"Desde el Rialto miró Valentina los fastos del Canal Grande..."
(Fragmento)
Los primeros días en Venecia fueron grises y casi fríos, pero al tercero estalló el sol desde temprano y el calor vino enseguida, derramándose con los turistas que salían entusiastas de los hoteles y llenaban la piazza San Marco y la Mercería en un alegre desorden de colores y de lenguas.
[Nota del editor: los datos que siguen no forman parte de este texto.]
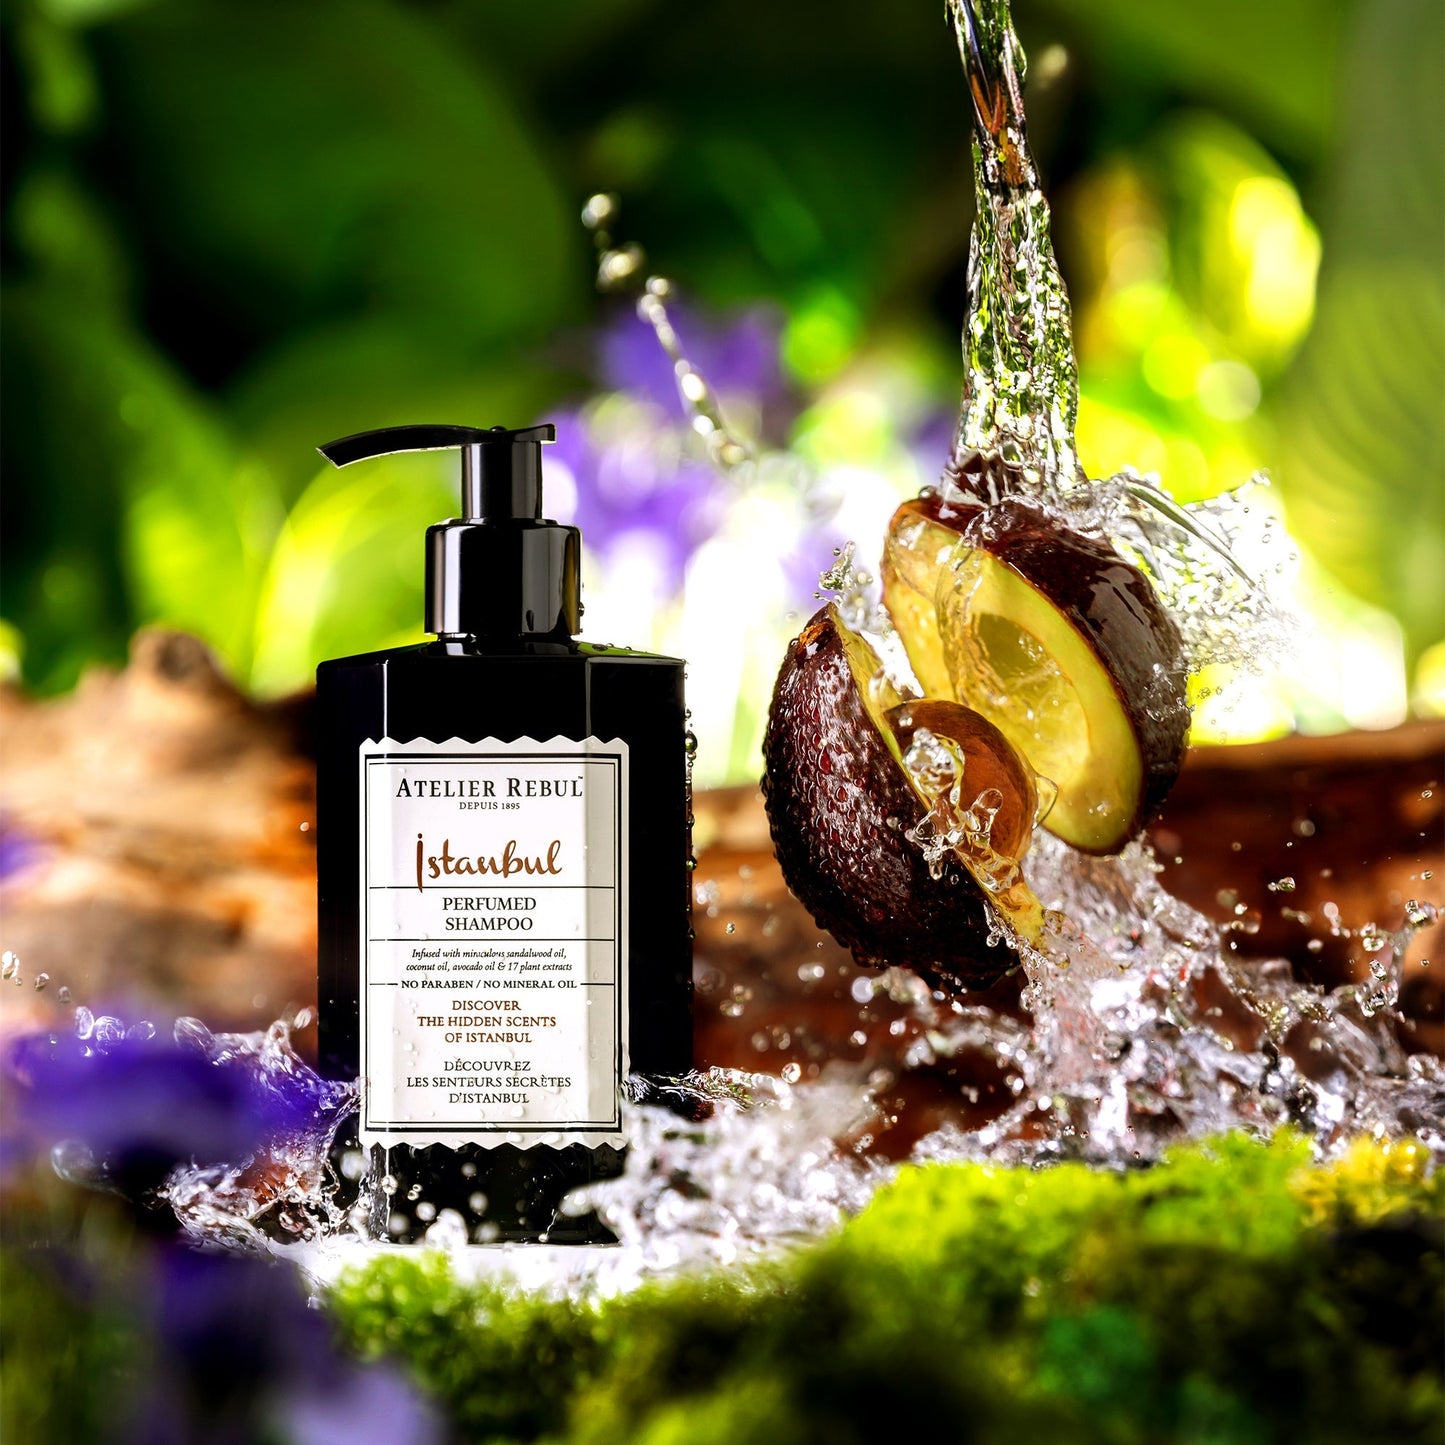 Atelier Rebul Istanbul Perfumed Shampoo 250ml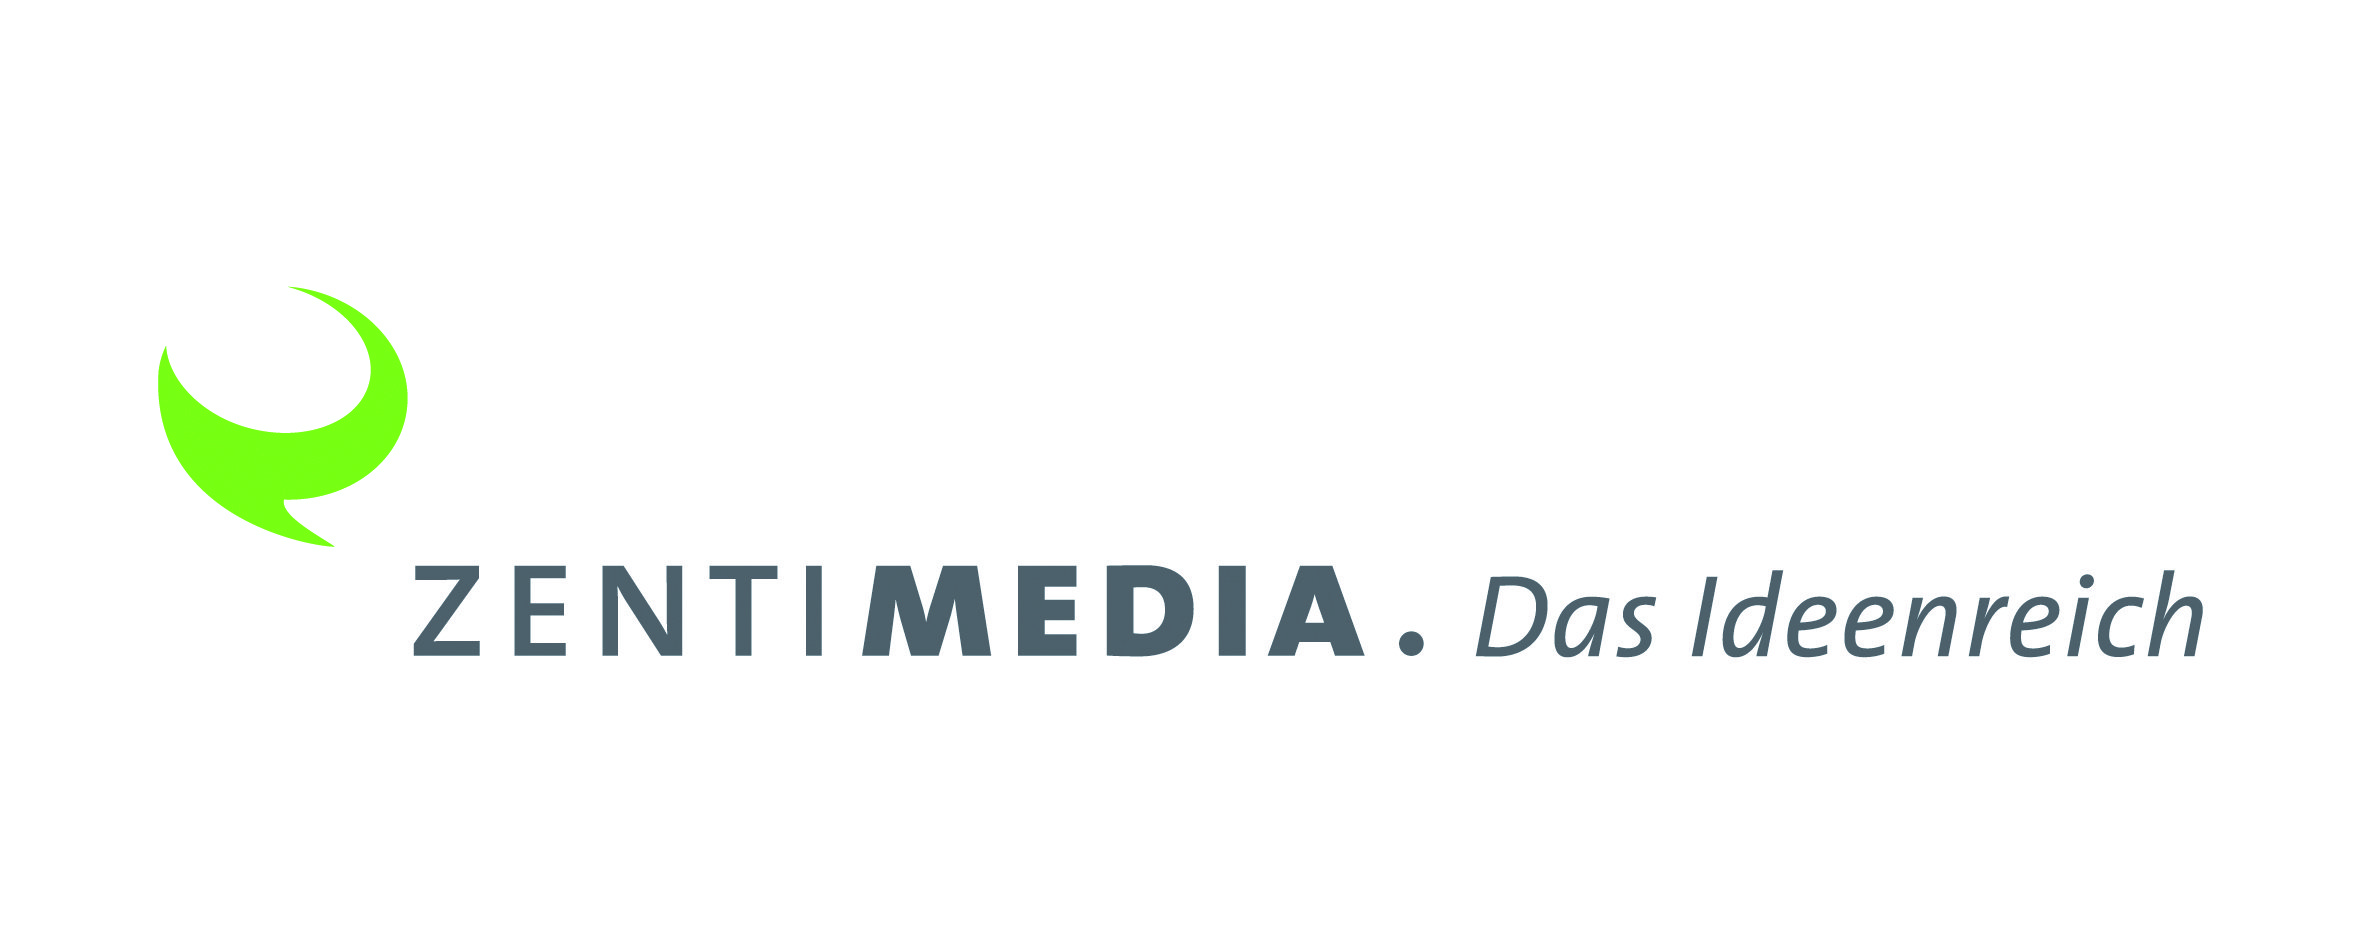 zenit media logo

A Valentina le agradó dejarse llevar por la cadenciosa serpiente que remontaba la Mercería rumbo al Rialto. Cada recodo, el puente dei Baretieri, San Salvatore, el oscuro recinto postal de la Fondamenta dei Tedeschi, la recibían con esa calma impersonal de Venecia para con sus turistas, tan diferente de la convulsa expectativa de Napóles o el ancho darse de los panoramas de Roma. Recogida, siempre secreta, Venecia jugaba una vez más a hurtar su verdadero rostro, sonriendo impersonal- mente a la espera de que en el día y la hora propicios su voluntad de mostrarse de verdad al buen viajero lo recompensaran de su fidelidad. Desde el Rialto miró Valentina los fastos del Canal Grande, y se asombró de la distancia inesperada entre ella y ese lujo de aguas y de góndolas. Penetró en las callejuelas que de campo en campo la llevaban a iglesias y museos, salió a los muelles desde donde podían enfrentarse las fachadas de los grandes palacios corroídos por un tiempo plomizo y verde. Todo lo veía, todo lo admiraba, sabiendo sin embargo que sus reacciones eran convencionales y casi forzadas, como el elogio repetido a las fotos que nos van mostrando en los álbumes de familia. Algo -sangre, ansiedad, o tan sólo ganas de vivir- parecía haber quedado atrás. Valentina odió de pronto el recuerdo de Adriano, le repugnó la petulancia de Adriano que había cometido la falta de enamorarse de ella. Su ausencia lo hacía aún más odioso porque su falta era de las que sólo se castigan o se perdonan en persona.
Julio Cortázar (Argentino nacido en Bruselas, Bélgica en 1914; y fallecido en París, Francia en 1984).